When we ran Legends Cars, the factory had a dual cooler setup, the engines (Yamaha FJ1200 motorcycle) had a 2 stage pump.

One stage was excluxively for an oil cooler that the bike had.

The factory (600 Racing, factry for the Legends, not Yamaha) was marketing a dual cooler (2 seperate units) when we started that kept the oil seperate (the "cooler" side of the pump returned the oil to the pan).

I didn't notice a significant change in oil temp from having the lower cooler hooked up, to having it bypassed (the one time I tried it, due to damage to the lower cooler, from a mishap in practice ), the factory setup mounted it upside down (Setrab, plate and fin Model# 910-6).

Excellent cooler, others mounted it in different places with (claimed) great success (and the fittings not pointing down).

This leads me to believe a significant portion of the cooler core was filled with air on that one. \:\(

By the time I had that figured out (kind busy with other stuff) I was running a Fluidyne tube style, with the oil coming in on one end (on the top) and out the opposite side bottom to the mains, with an oil line (dash 3) to the cams out the top, opposite of the oil coming from the filter (oil cooler in).

As a tube style cooler it was kinda odd, so here's a pic.
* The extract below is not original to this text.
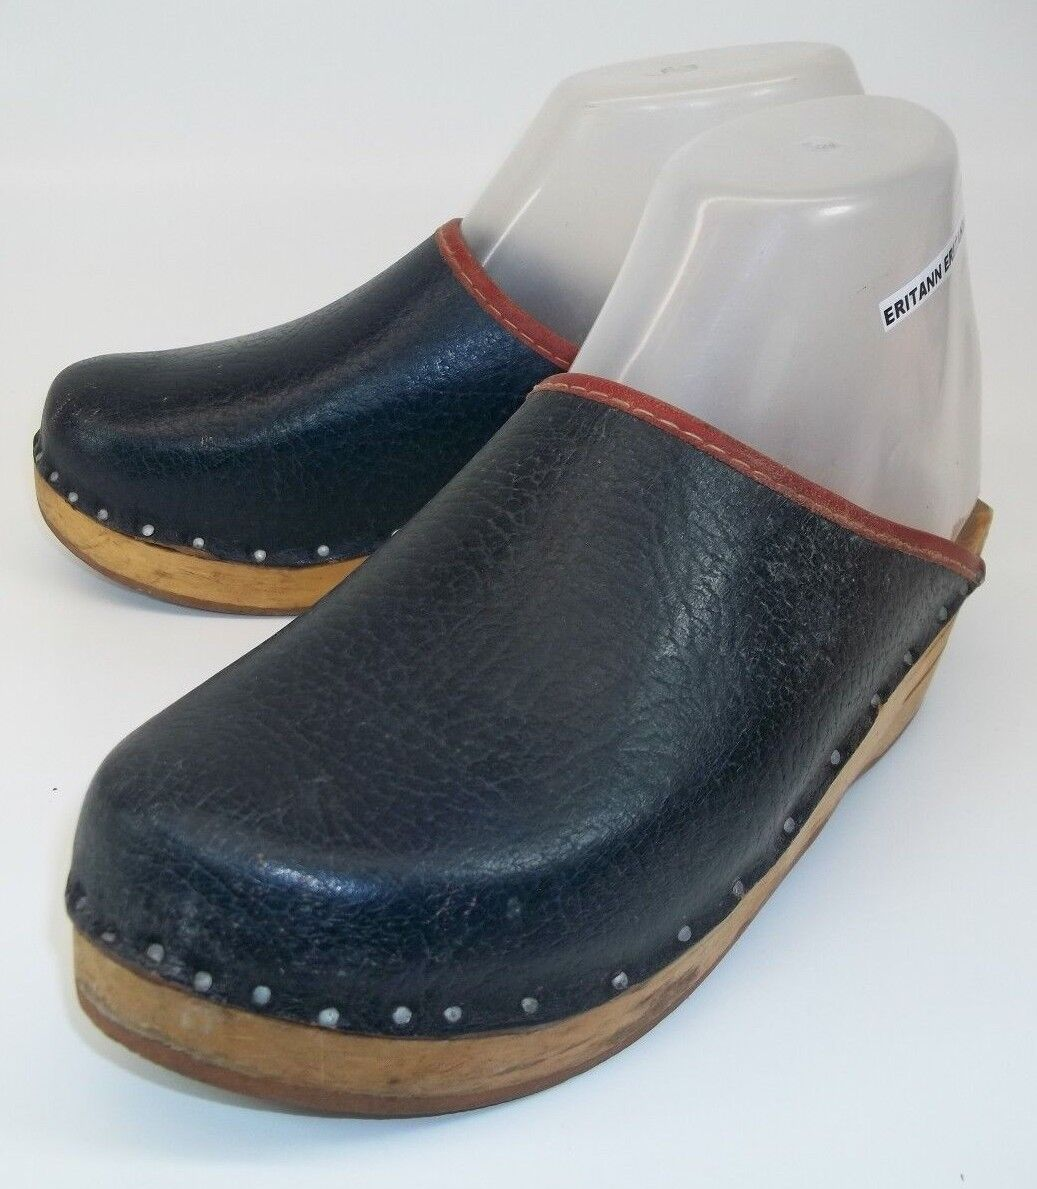 Klinik Wos Shoes Clog Mule EU36 Blue Leather Wood Heel Wedge Slip-on nailed 13

As I swiped tht from the Fluidyne site, here's the link to that page: http://www.fluidyne.com/pl_legends.html

It was the best setup I actually tried, with the line to the cams it was self purging, as the air had somewhere to go, and with the small line to the cams, the mains got the lions share of the oil (as they should).

FWIW the factory came up with progressively larger coolers, including multi pass ones.

The hot setup when we stopped being a dealer was a "920 3 pass", I wanted to try one but we were selling them faster than we could get new ones (people were upgrading) so I never got the chance to try them.

They sure looked impressive. \:\)

Point being, in my admittely limited experience, plate and fin, with the fittings pointed "down" is not the way to fly (air lock city \:\( ).

However they don't seem to care if the fittings are sideways, or pointed up.